*Task item*
For the listing below, output exactly the lines from the line with "Gustave mathieu Banque" up to and including the line with "Für Renault Austral", and no other lines.

*Task input*
****
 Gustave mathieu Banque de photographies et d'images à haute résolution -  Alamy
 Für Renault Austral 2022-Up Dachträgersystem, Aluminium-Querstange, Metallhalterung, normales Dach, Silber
****
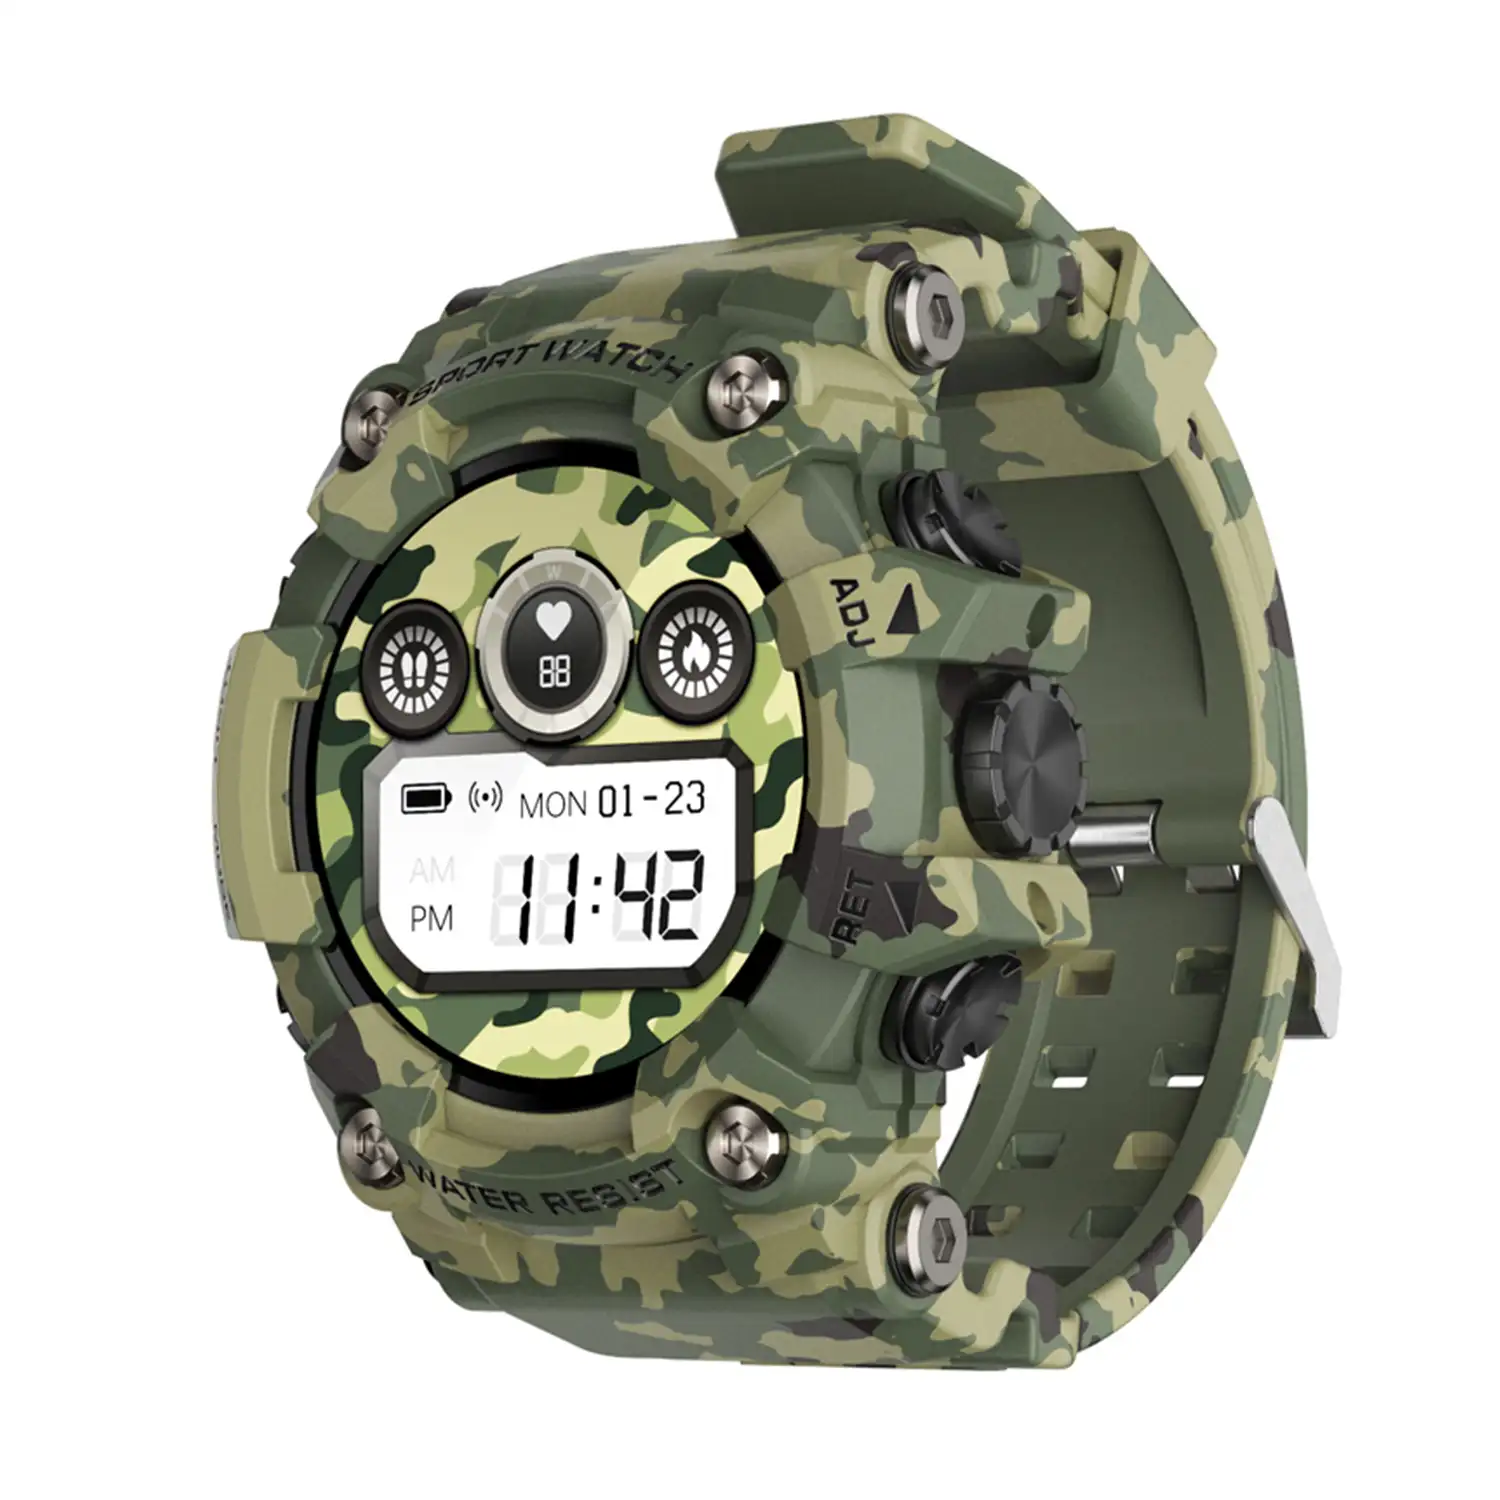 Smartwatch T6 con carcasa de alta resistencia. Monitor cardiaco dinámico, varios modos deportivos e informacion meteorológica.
****
*Worked solution*
 Gustave mathieu Banque de photographies et d'images à haute résolution -  Alamy
 Für Renault Austral 2022-Up Dachträgersystem, Aluminium-Querstange, Metallhalterung, normales Dach, Silber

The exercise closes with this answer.